## ASSIGNED TASK:
Take the listing below and write it out again exactly, skipping any picture that it holds.

+++ DATA SEGMENT

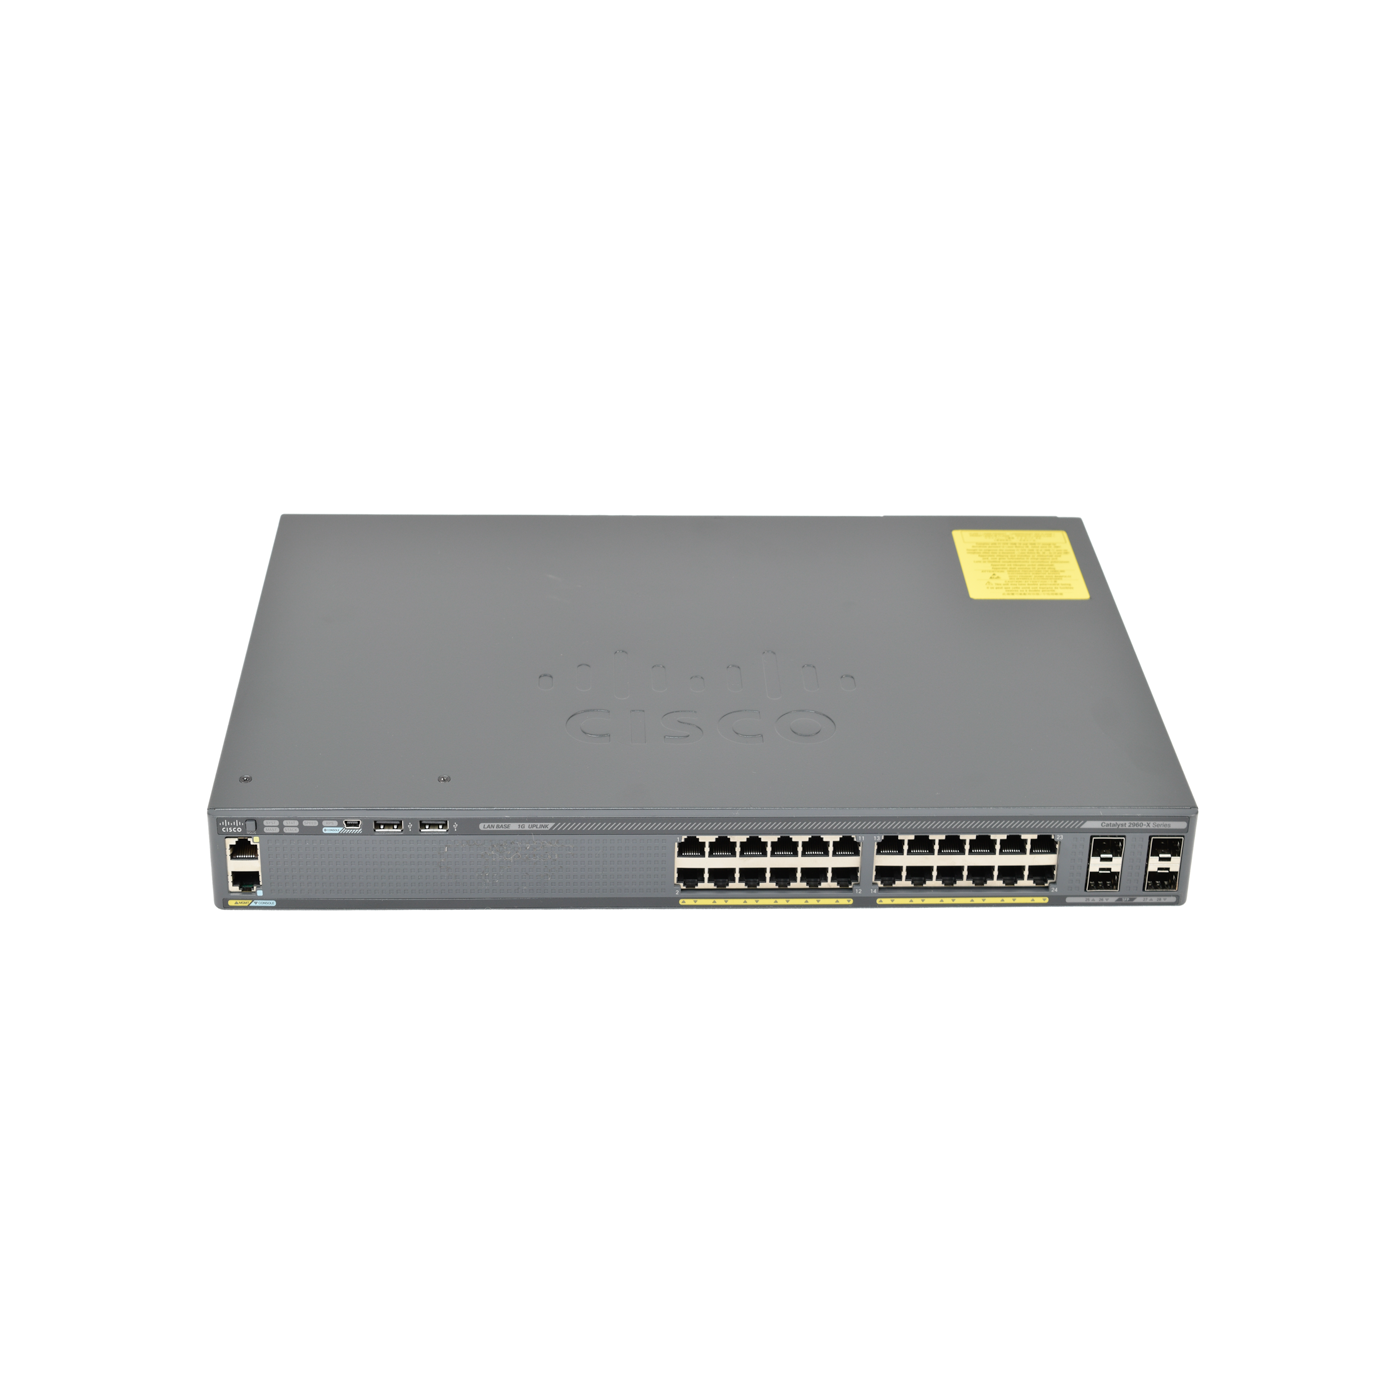 Cisco WS-C2960X-24TS-L++ Switch Front
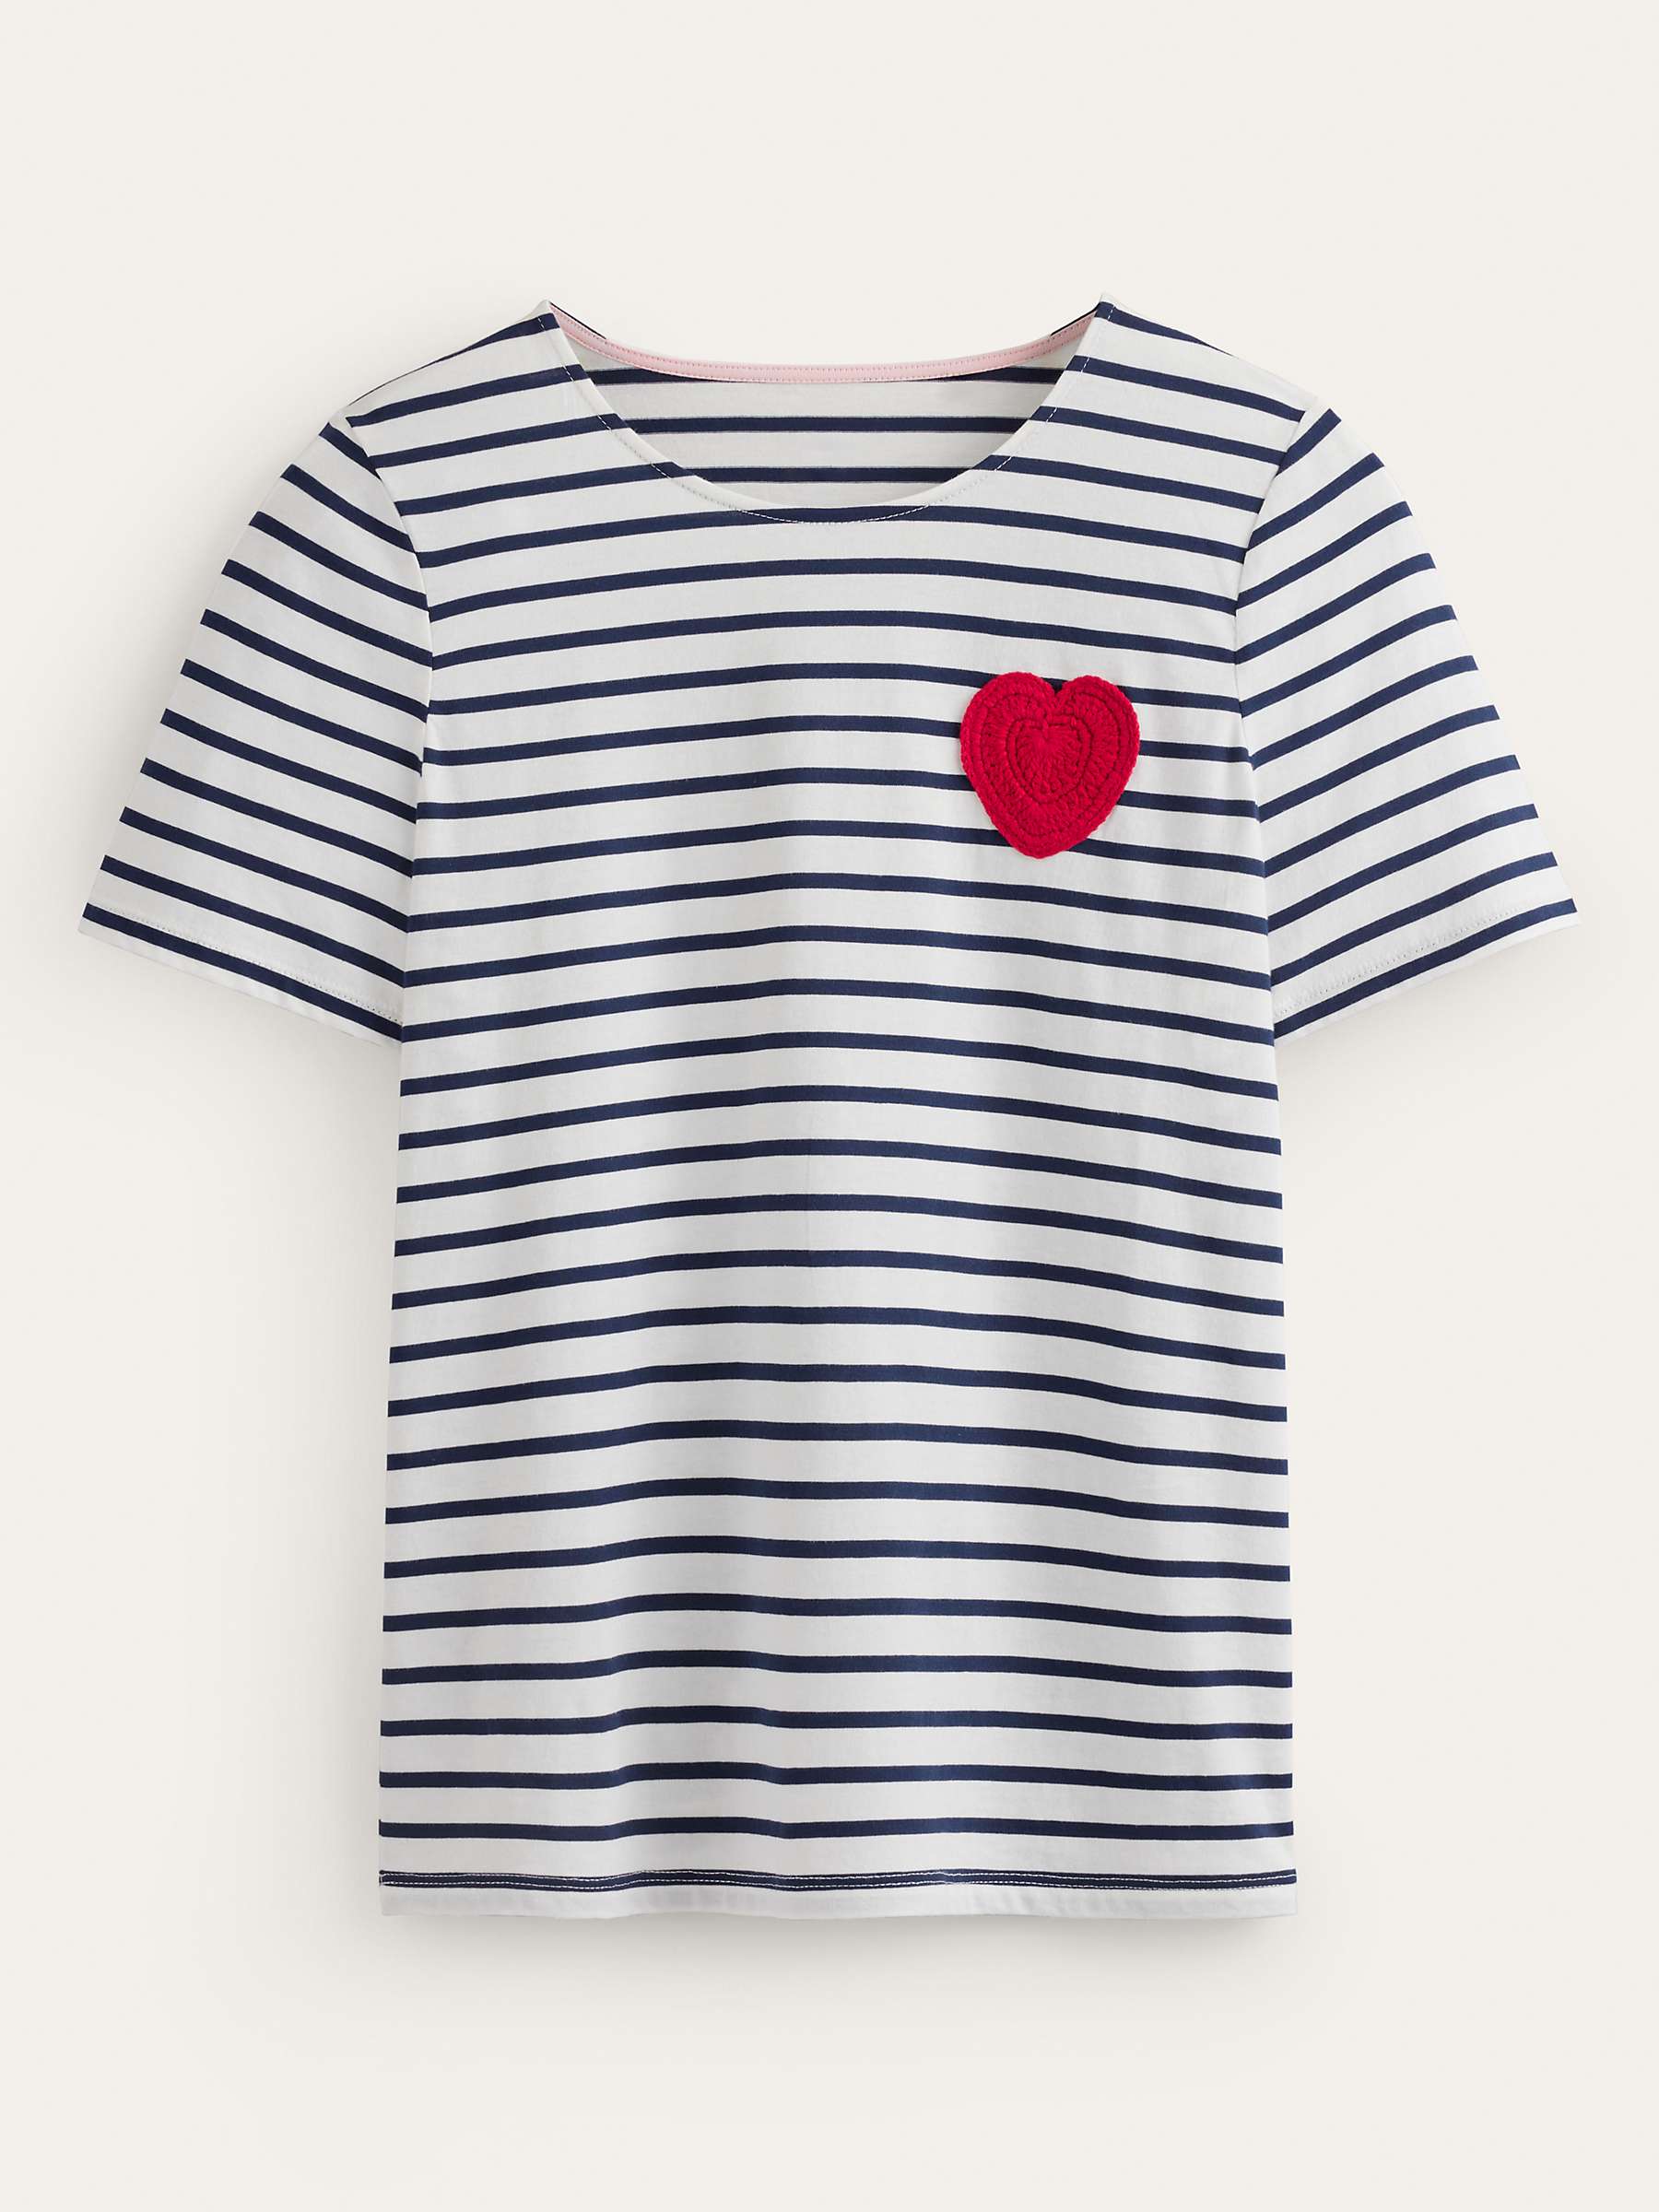 Boden Crochet Heart Stripe T-Shirt, Ivory/Navy at John Lewis & Partners
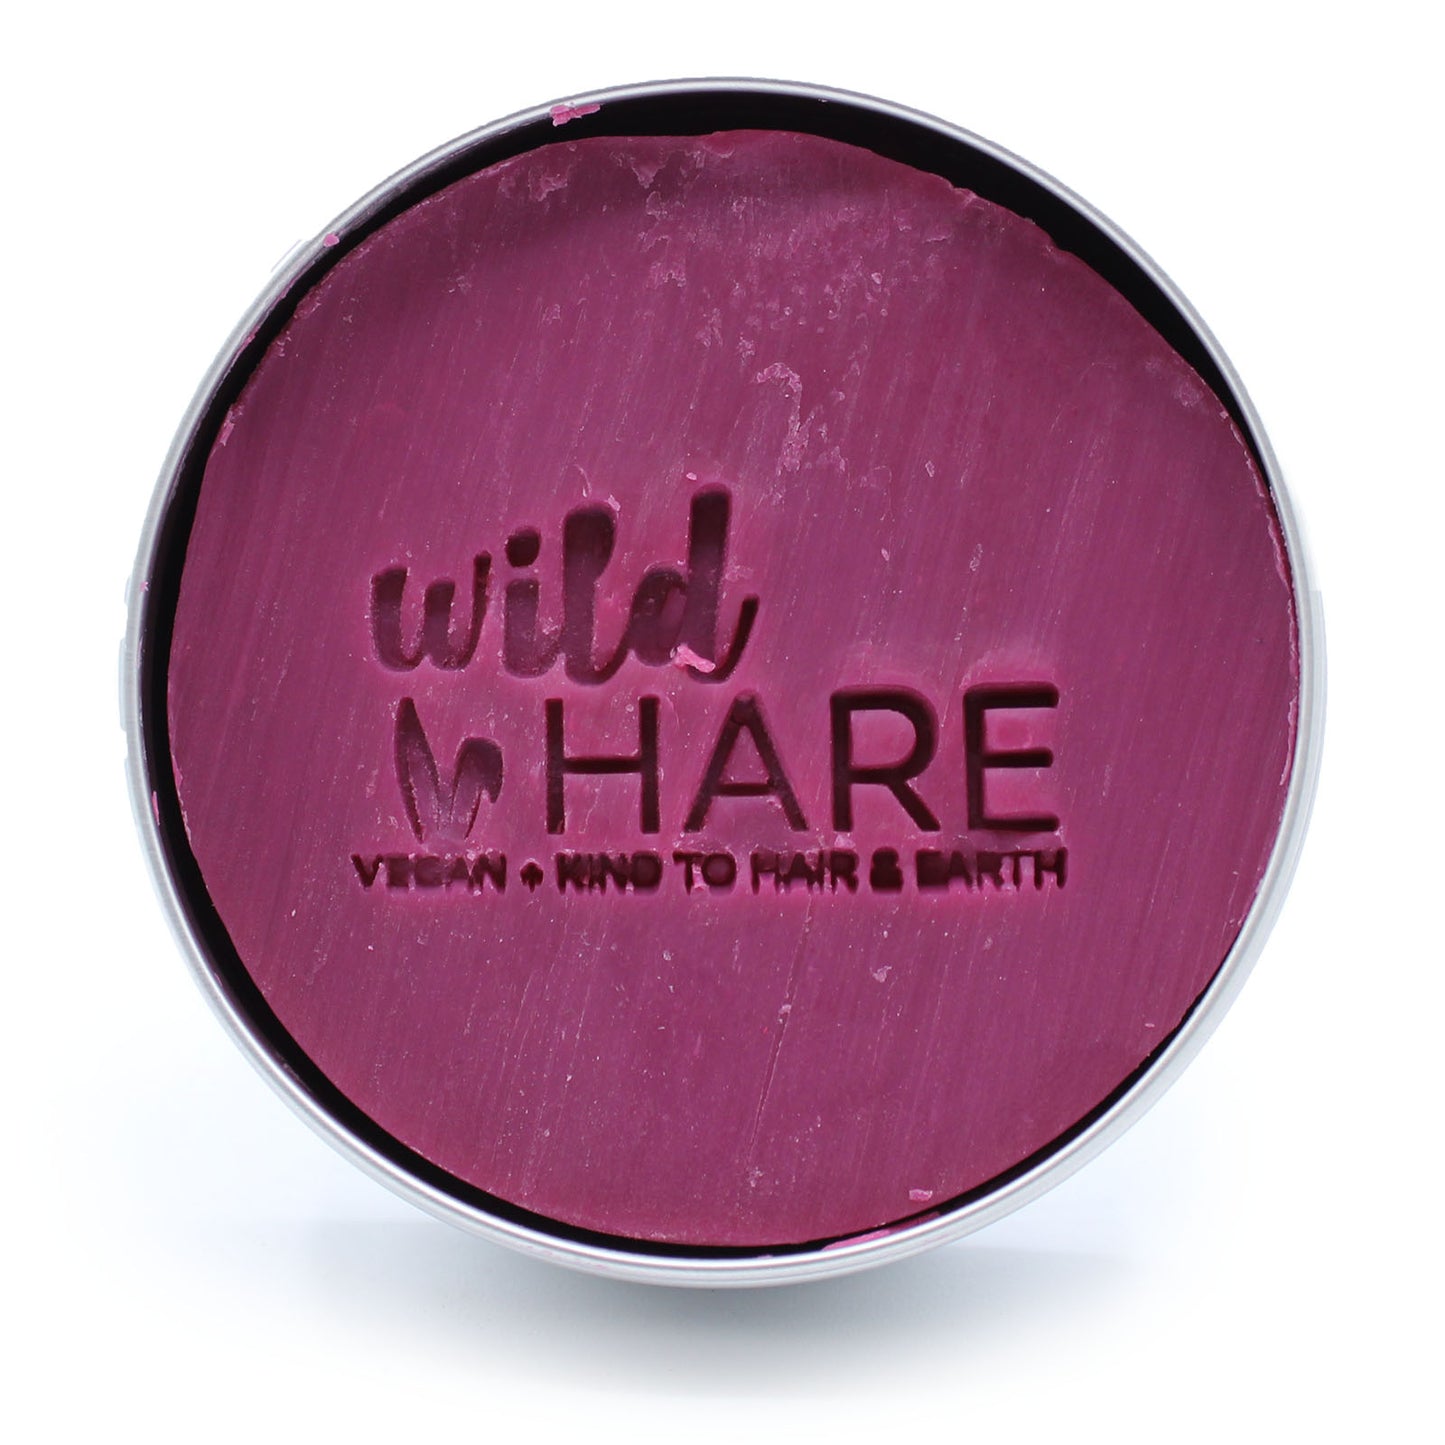 Wild Hare Solid Shampoo 60g - Cherry Bonbon

++++++

## EXERCISE RESULT:
 Cisco WS-C2960X-24TS-L++ Switch Front
 Boden Crochet Heart Stripe T-Shirt, Ivory/Navy at John Lewis & Partners
 Wild Hare Solid Shampoo 60g - Cherry Bonbon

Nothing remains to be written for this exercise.